Metaficción, por Sergio del Molino
No sé cuándo se dan por terminados los libros ni qué se hace después. Escribo esto después de dar por bueno el manuscrito del que será mi nuevo trabajo. Falta mucho todavía. Lecturas, relecturas, conversaciones con editores, enfoques, desenfoques, reuniones, correcciones… Hay muchísimo laburo desde que el manuscrito llega a la agencia hasta que sale publicado, pero el momento de enviar tiene algo de vaciamiento. ¿Y ahora qué?, te planteas, aunque ya sabes lo que viene ahora. Es una pregunta de lo más idiota, y sólo tiene que ver con la sensación de desnudez e indefensión que te produce sacar algo que hasta entonces era privadísimo y donde te has dejado unos trozos de piel y de órganos internos.
Enseguida se pasa, y pronto el texto será extraño. Ya lo es, de hecho, ya puedes leerlo como si lo hubiera escrito otro, pero durante unas pocas horas pasas frío y un poco de vértigo y deambulas por la casa cambiando cosas de sitio, manoseando libros y tarareando canciones. Por suerte, los autónomos no tenemos mucho tiempo para la contemplación, y lo urgente nos reclama. Esta columna, por ejemplo, otro artículo para el fin de semana, una reseña, la conferencia que impartes mañana, tu colaboración radiofónica, etcétera.
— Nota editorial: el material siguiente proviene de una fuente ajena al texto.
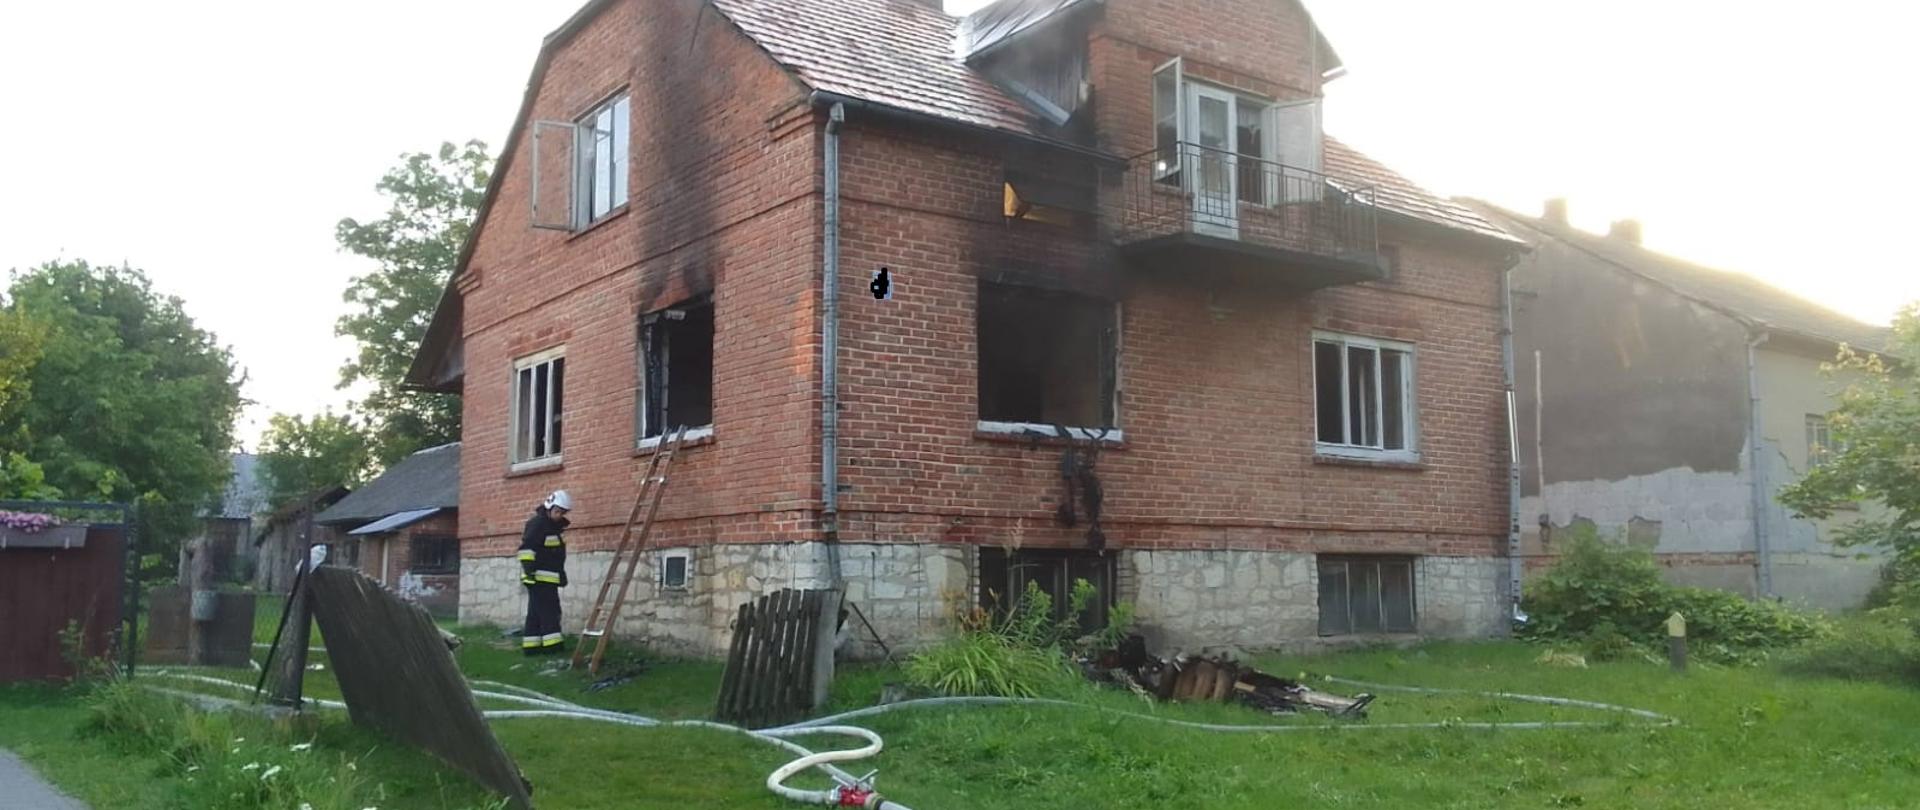 Zdjęcie przedstawia dom jednorodzinny wymurowany z cegły. Na budynku widoczne są ślady pożaru. Dom nie posiada dwóch okien.

No sé cómo afrontaría toda una tarde de ocio con un libro recién entregado. Una tarde entera para arrepentirse.
No importa mucho la mística de la creación. Esas peleas con uno mismo, esas preguntas, esa incapacidad para juzgar las propias palabras, esa frustración y ese miedo a las primeras reacciones de los lectores íntimos. Lo que importa es qué me voy a inventar. Porque las ficciones (incluso las no ficciones son ficciones, podemos hablar de eso en otro momento) se cubren de metaficciones, que son esas cosas que algunos respondemos cuando nos preguntan sobre el libro.
Corremos el riesgo de pasar más tiempo explicando el libro que escribiéndolo. O de dedicarle más trabajo a la explicación que al libro, cuando un libro es autoexplicativo. Contiene en sus páginas todo lo que el lector necesita para entenderlo. Se pueden buscar elementos para entenderlo mejor, a distintos estratos de profundidad, en relación con otras obras y otras tradiciones y otros artes, pero los libros se entienden por sí solos. Hasta los paratextos de solapas y contraportadas, esas sinopsis endemoniadas que nunca he sabido redactar, sobran. A menudo, sólo ayudan a desentender el libro, son ruido blanco.
Llegó un momento en que me percaté de que me inventaba las respuestas sobre las génesis de mis libros, sobre sus intenciones, sobre su justificación. Supe que eran mentira porque cambiaban con el tiempo. No respondía lo mismo al principio que seis meses o que dos años después. Fabulaba motivos, orígenes, raíces y causas, y sé que lo haré con este también. Todo, por añadir ruido, por satisfacer la curiosidad, porque no soy Salinger ni sé callarme.
¿Qué diré sobre este libro? Aún no lo sé, por eso quería escribir esta columna con el manuscrito recién desprendido de mí, cuando aún no he pensado las respuestas y puedo decirme a mí mismo que lo he escrito porque sí, para poder entender por qué lo escribía, para anticiparme al siguiente libro, para no perder fuerza en la inercia.
Cuando se publique, inventaré respuestas sofisticadas y al gusto de varios lectores. De momento, dejémoslo así, con ese encogimiento de hombros y ese escalofrío de lo que ya no tiene remedio.